#### WHAT YOU NEED TO DO
Please return the listing below word for word, minus its pictures.

#### SUPPLIED MATERIAL
_ _ _

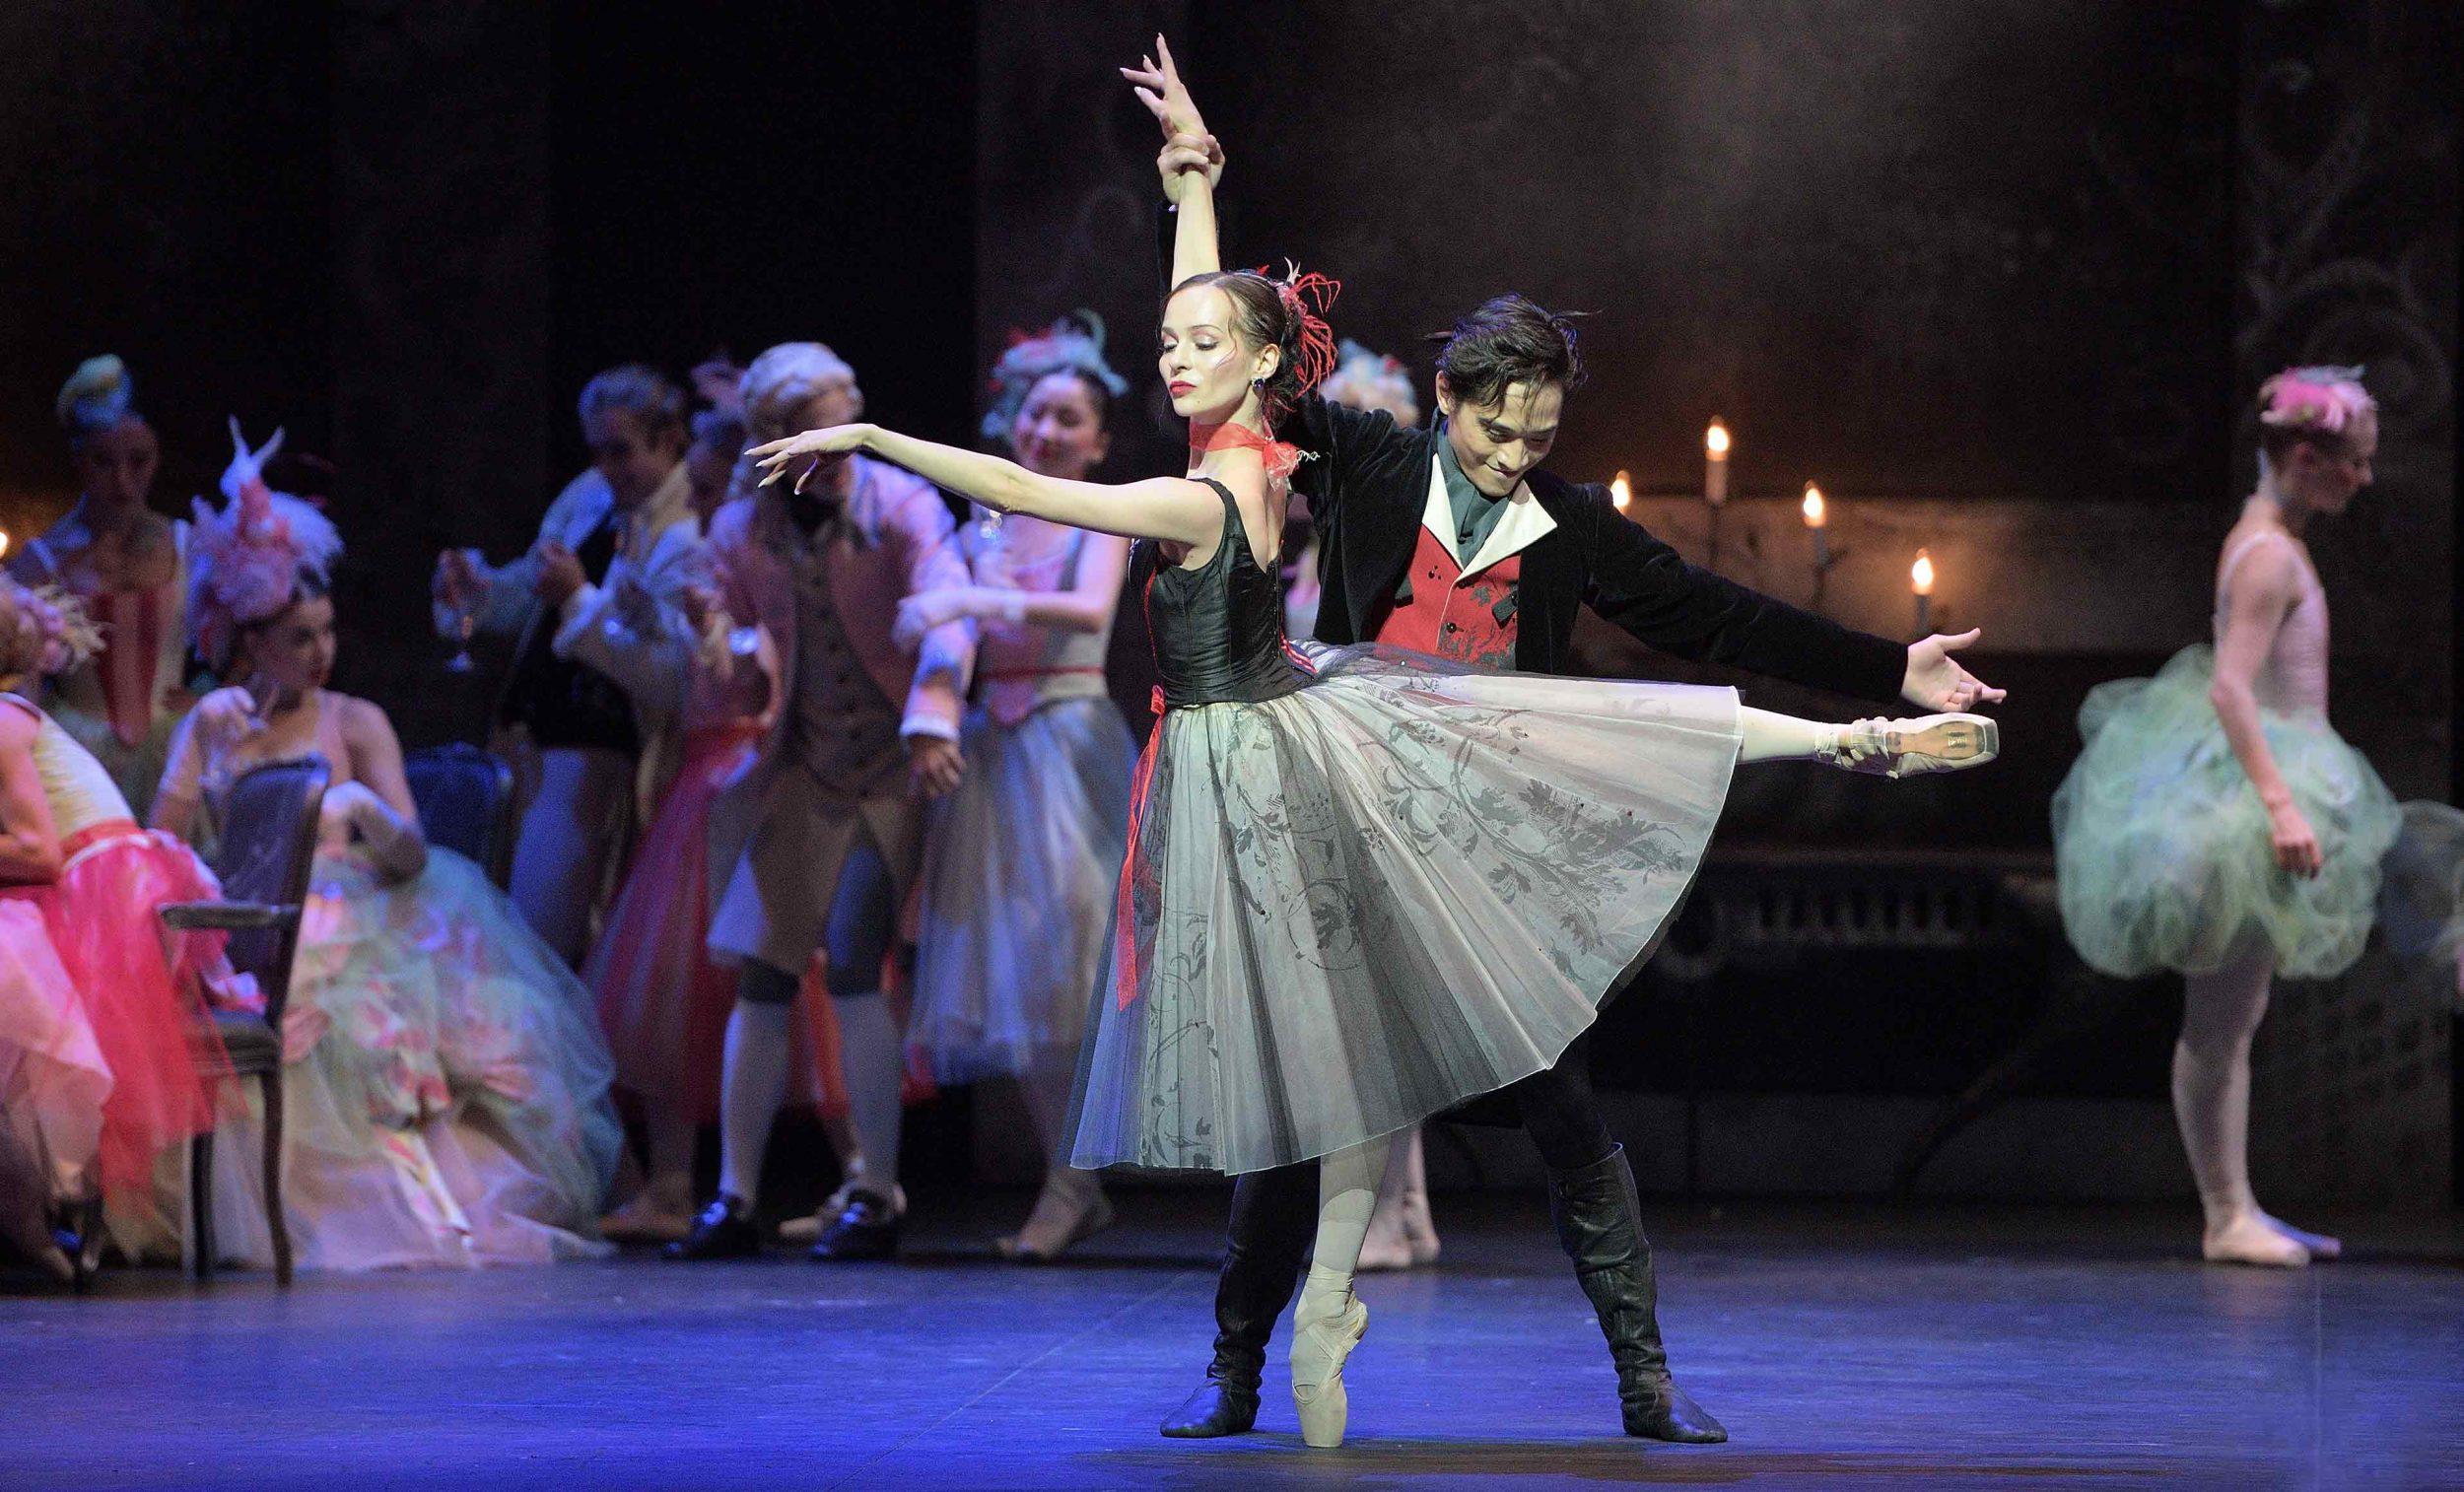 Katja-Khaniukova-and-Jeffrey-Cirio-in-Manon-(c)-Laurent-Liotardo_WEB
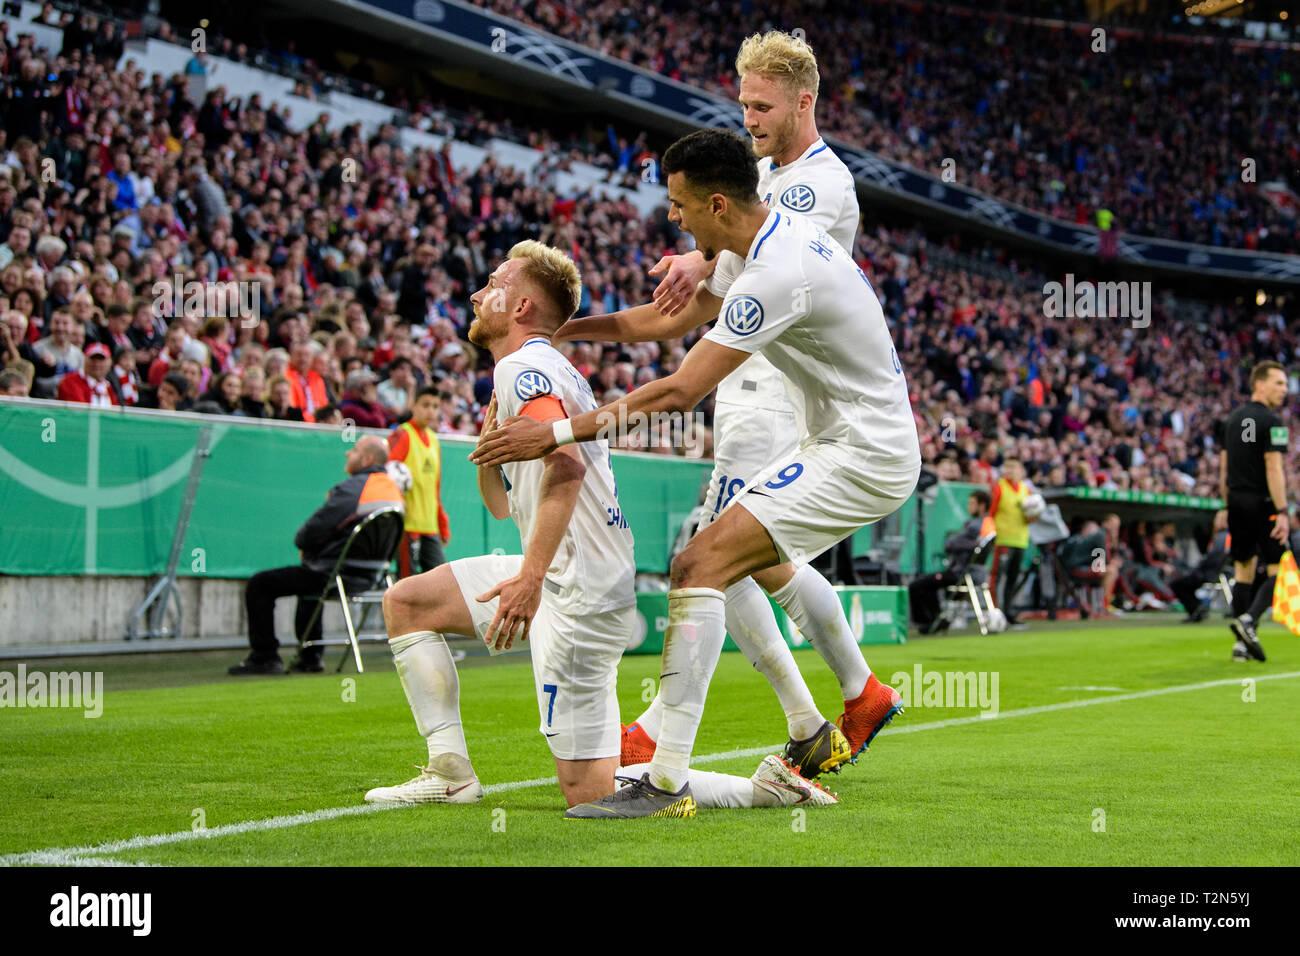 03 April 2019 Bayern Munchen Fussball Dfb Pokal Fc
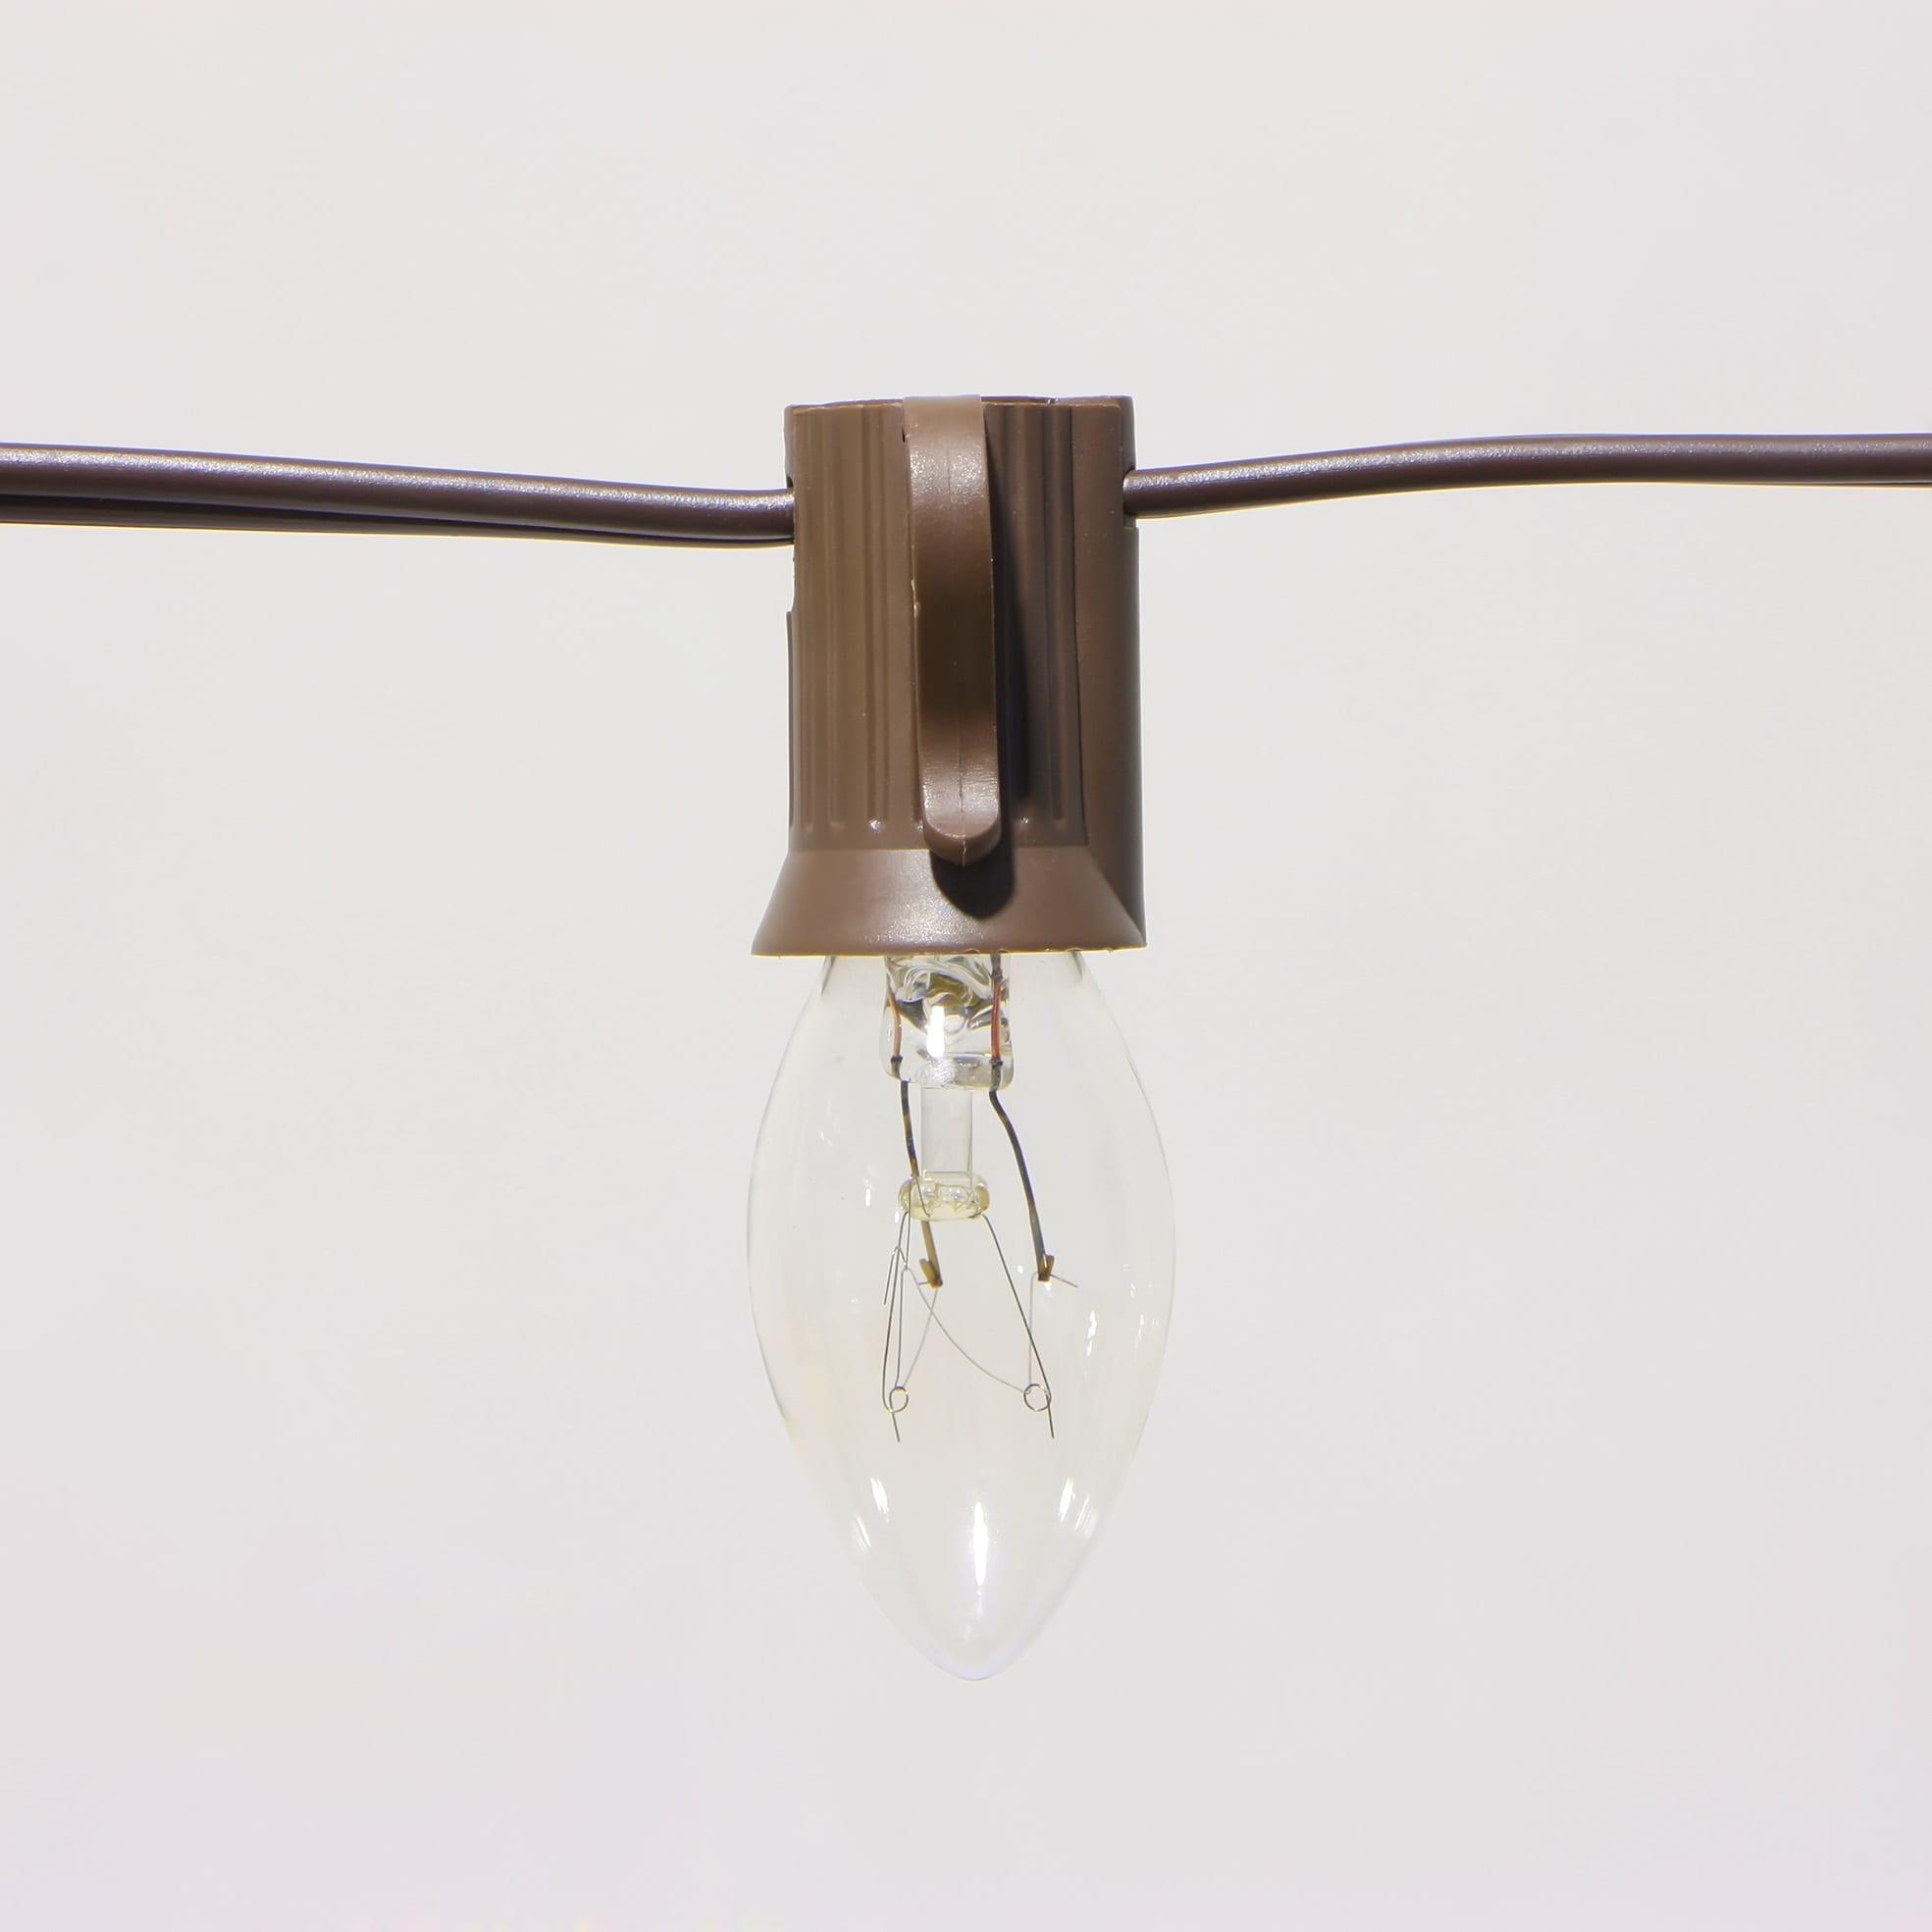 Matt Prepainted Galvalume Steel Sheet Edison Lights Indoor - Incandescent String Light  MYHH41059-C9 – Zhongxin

_ _ _

#### OUTPUT OF THE EXERCISE
 Katja-Khaniukova-and-Jeffrey-Cirio-in-Manon-(c)-Laurent-Liotardo_WEB
 03 April 2019 Bayern Munchen Fussball Dfb Pokal Fc
 Matt Prepainted Galvalume Steel Sheet Edison Lights Indoor - Incandescent String Light  MYHH41059-C9 – Zhongxin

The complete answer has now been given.